FEATURES Daytripper: Taking Prince Rama to an Occult Bookstore By J. Edward Keyes · Photos by Nicole Fara Silver · March 04, 2016
“I had an ex-boyfriend who was a poser Gemini. I think he wished he was a Gemini because he was secretly a boring person.”—Taraka Larson

Sometimes spiritual visions take the form of a conversation: Christ appearing to the apostle Paul on the road to Damascus, or Mohammed being visited by the angel Gabriel. Sometimes they’re astrological, like the Buddha’s wordless vision of the entire universe. And sometimes they just consist of a bunch of dudes skydiving, using a 16th-Century masterpiece as a parachute. That last one is the vision that appeared to Taraka Larson, one-half of the Brooklyn duo Prince Rama, as she lay passed out in a Viking ruin in Estonia while shooting the indie film A Spell to Ward off the Darkness. “Essentially, I had this out-of-body experience,” she says, “where I started having these visions of extreme sports.

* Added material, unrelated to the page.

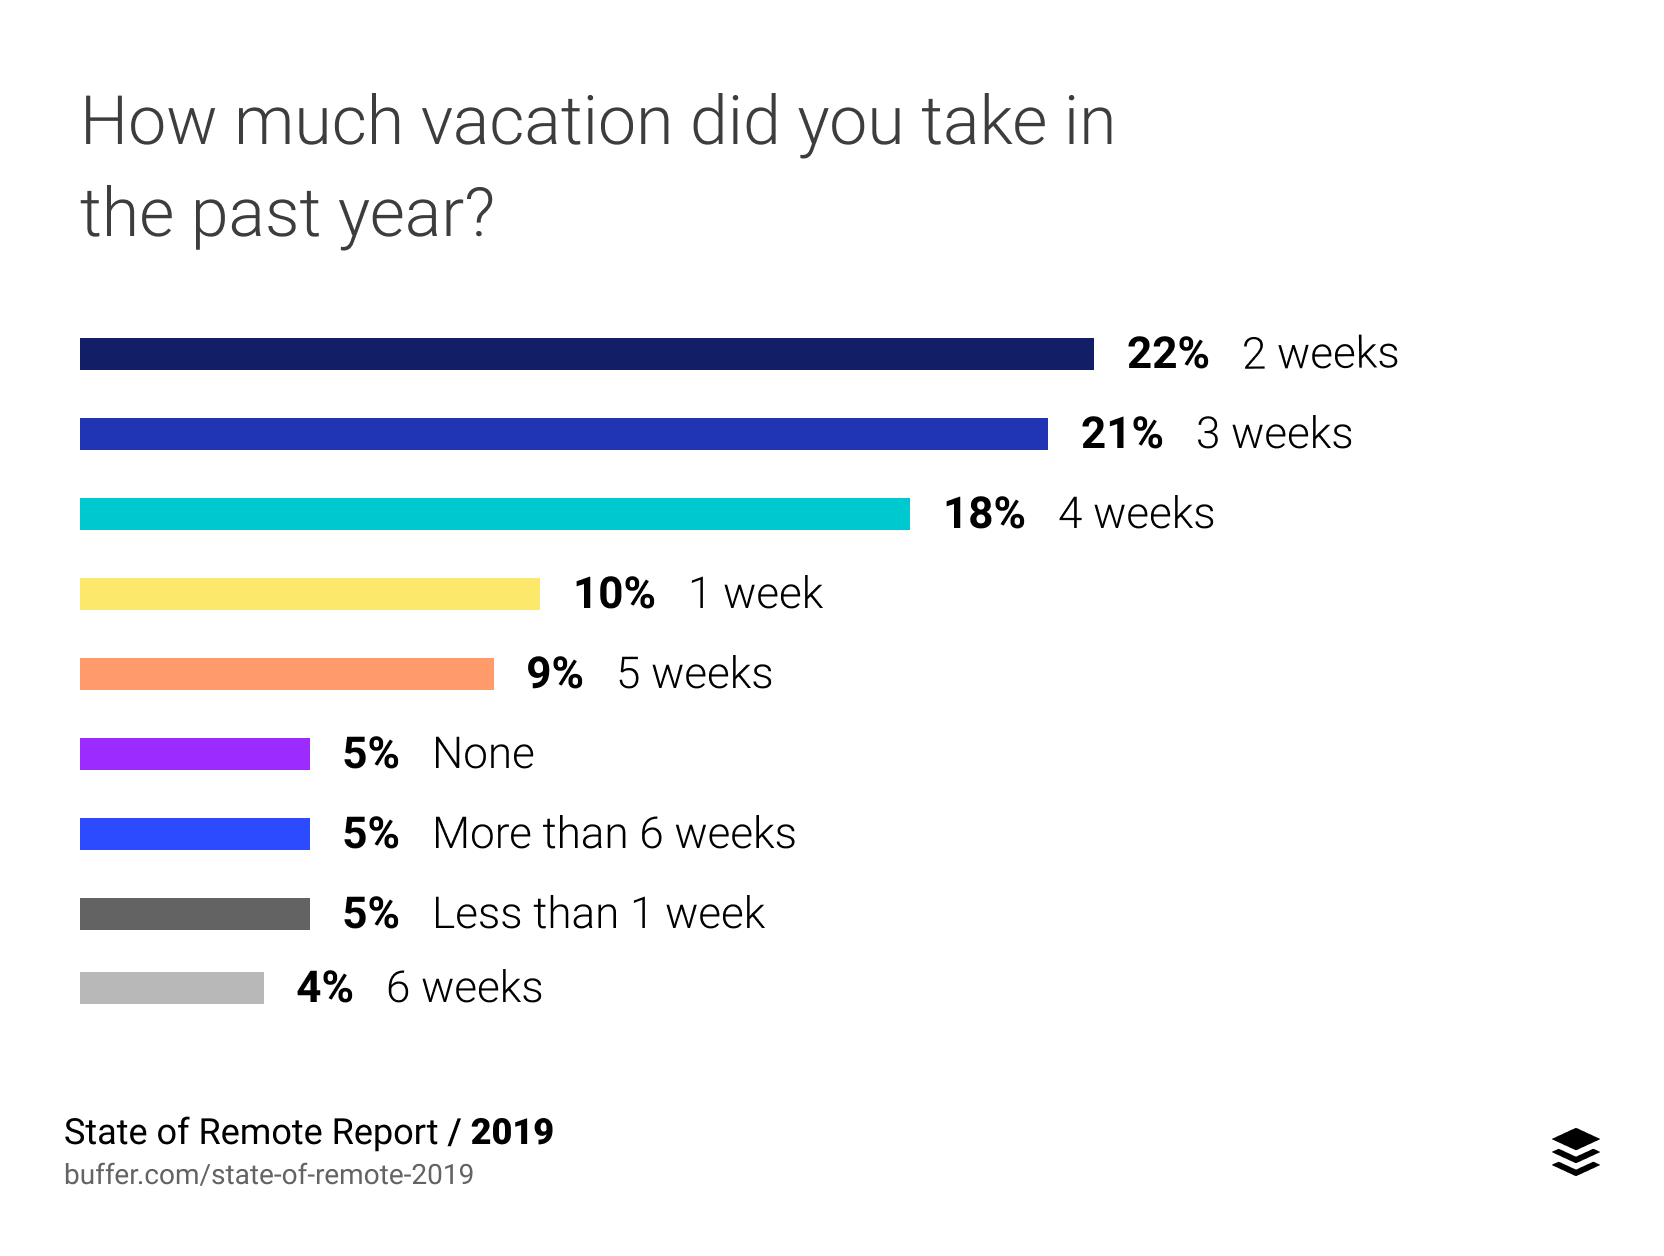 How much vacation did you take in the past year?

I became this radio receiver, and I was hearing all of this music from who knows where. Paired with that were these visions of people jumping out of airplanes, wearing Mona Lisa parachutes. I was seeing this future vision of extreme sports merging with high art – it was forming this new aesthetic language of speed. The music was to provide the metaphysical score of this. It was transmitted to me that I had to translate this, and make the music for extreme sports of the future.” She pauses. “I kind of had writer’s block for months after that.”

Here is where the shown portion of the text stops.